After applying this filter, we’re left with exactly one matching event. That’s a strong signal and, conveniently, it’s all we need to answer Question 1.

Event Log Explorer: Pinpointing the matching event

There’s one final detail to pay attention to. The question specifically asks for the UTC date and time. Event Viewer and many third‑party tools often display timestamps in local time by default, which can easily trip you up if you’re not careful.

To get the authoritative timestamp, double‑click the event, open the XML tab, and look for the <SystemTime> field. This value is recorded in UTC and removes any ambiguity around time zone conversion.

Event Log Explorer: Drilling into event properties to find the UTC SystemTime value

At this point, we’ve isolated the Kerberos service ticket request that matches known Kerberoasting indicators and identified the precise UTC timestamp associated with it. With that information in hand, we can confidently answer Question 1 and move forward with the investigation.

Questions 2 & 3:

What is the Service Name that was targeted?

It is really important to identify the Workstation from which this activity occurred. What is the IP Address of the workstation?

To answer Questions 2 & 3, we need to look a bit more closely at the event we identified in Question 1. Specifically, we’re going to examine the Description details for that Kerberos service ticket request. There’s a wealth of useful forensic information here, but for now we’re focused on two things: the service that was targeted and the workstation that made the request.

Event Log Explorer: Identifying the targeted service account and requesting client address

If you recall from the primer, I mentioned that service accounts are the ones that typically have registered Service Principal Names. We can see that pattern clearly in this event. Under Service Information, the Service Name field shows MSSQLService. That immediately stands out because MSSQLService is the SPN used by Microsoft SQL Server to authenticate database services. This fits neatly into the expected attack chain.

That gives us our answer for Question 2.

Next, we need to identify the workstation responsible for making this request. This information lives a bit further down in the same event under Network Information. Here we can see the Client Address, which records the IPv4 address of the system that requested the service ticket.

In this case, the address listed is 172.17.79.129. That tells us exactly where the request originated from and gives us a starting point for pivoting into the workstation‑side artifacts later in the investigation.
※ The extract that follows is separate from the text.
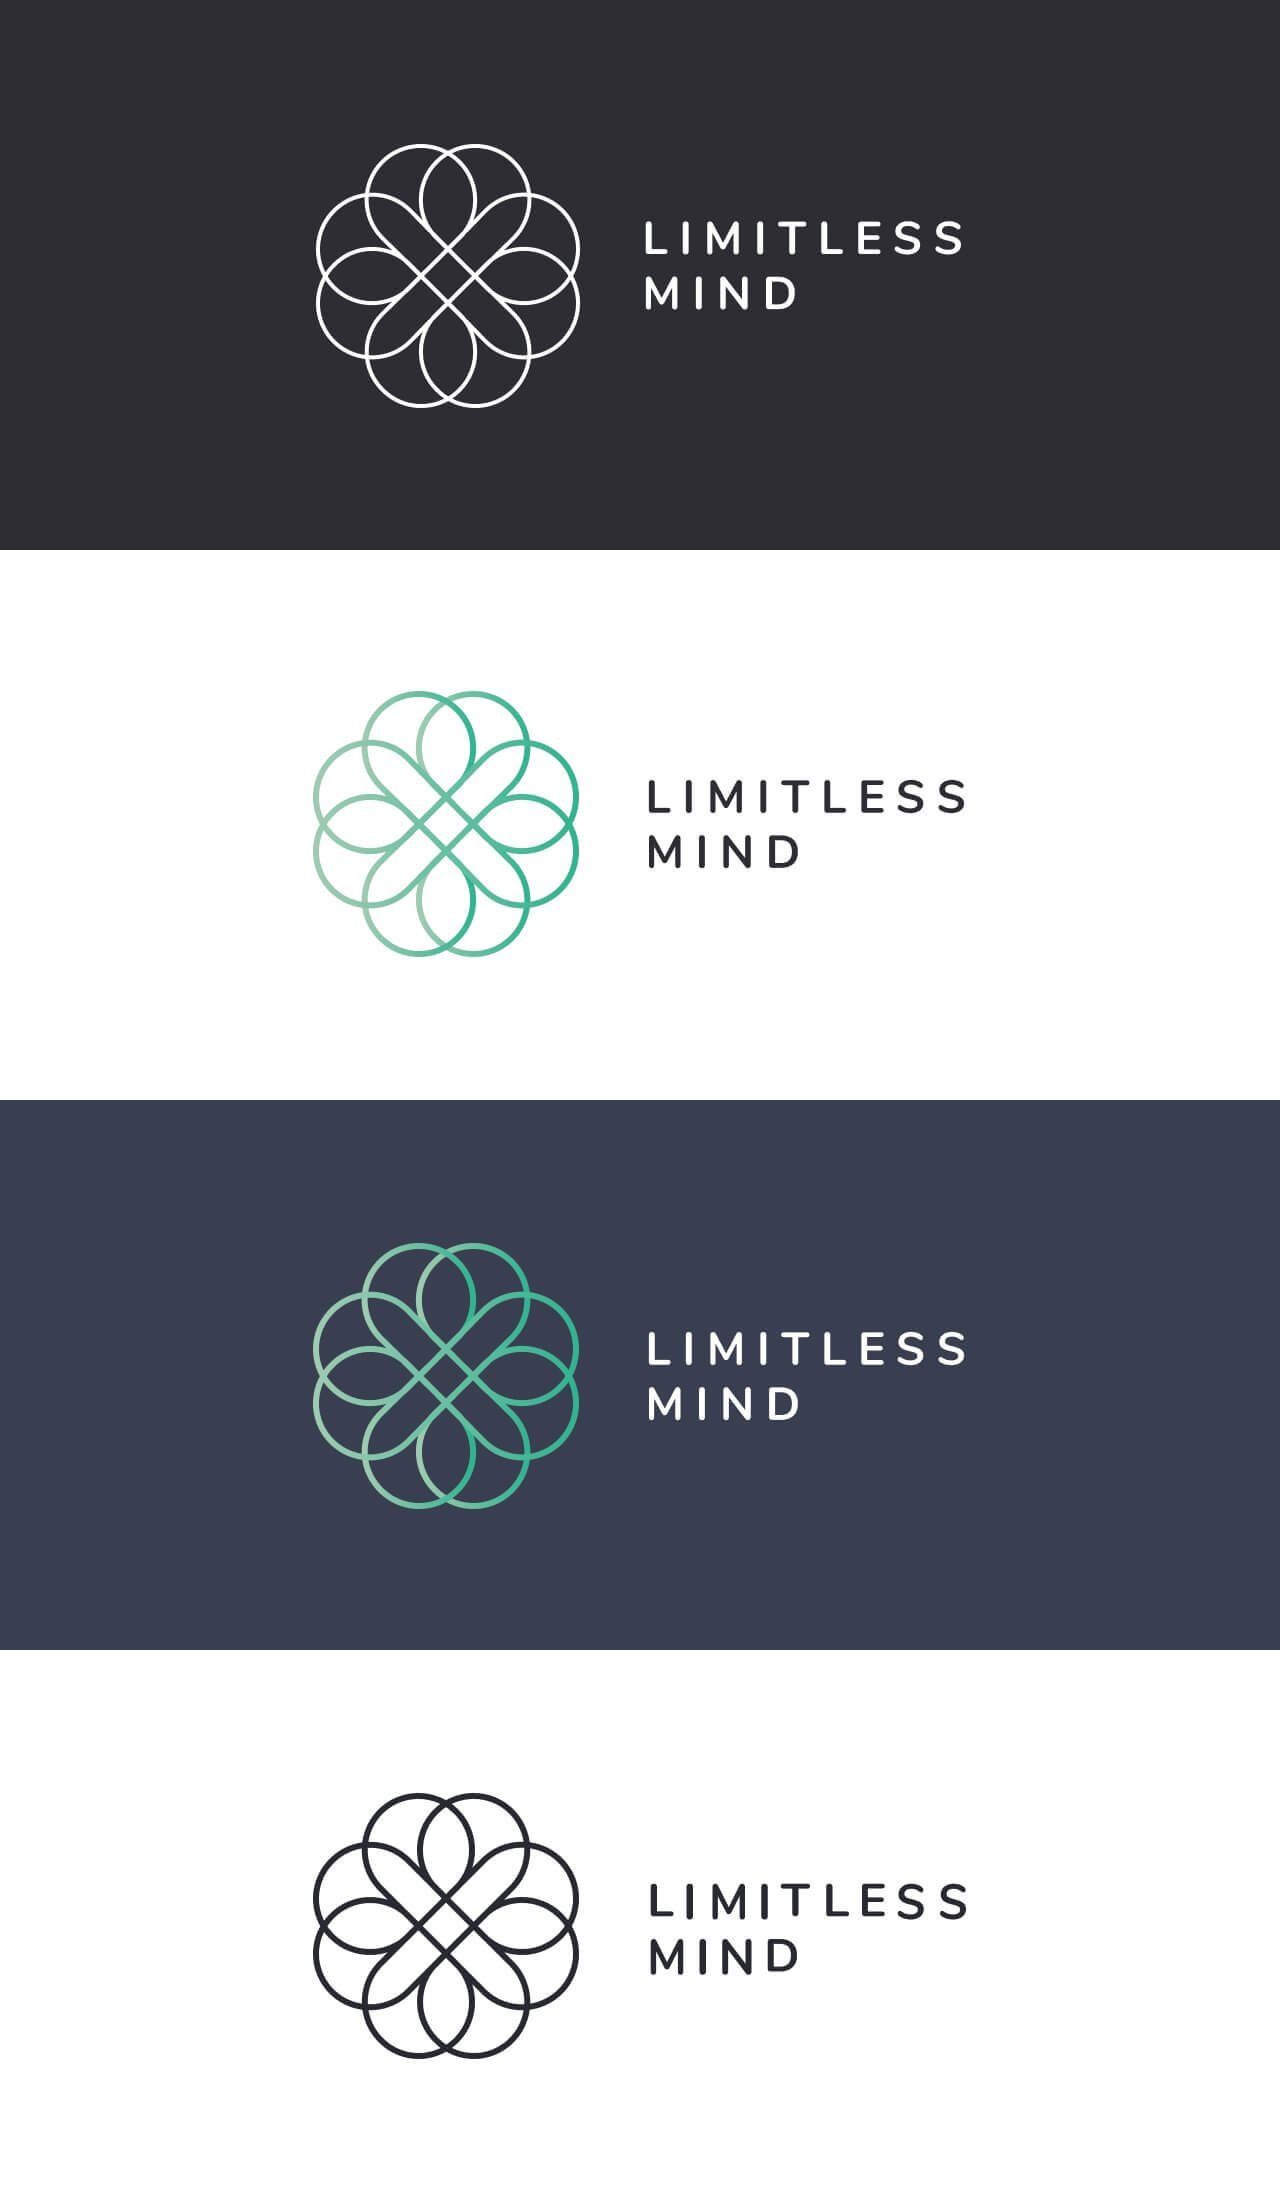 Group 2s163 Limitless Mind 3 Baasbox

With the targeted service identified and the requesting workstation pinned down, we’ve now answered Questions 2 & 3 and set ourselves up nicely for the next phase of analysis.

Questions 4 & 5:

Now that we have identified the workstation, a triage including PowerShell logs and Prefetch files are provided to you for some deeper insights so we can understand how this activity occurred on the endpoint. What is the name of the file used to Enumerate Active directory objects and possibly find Kerberoastable accounts in the network?

When was this script executed? (UTC)

Moving right along, the next thing we need to tackle is figuring out exactly which tool was used on the workstation to enumerate Active Directory objects and discover Kerberoastable accounts with exposed SPNs. For that, we’ll pivot away from the Domain Controller and jump over to the workstation artifacts.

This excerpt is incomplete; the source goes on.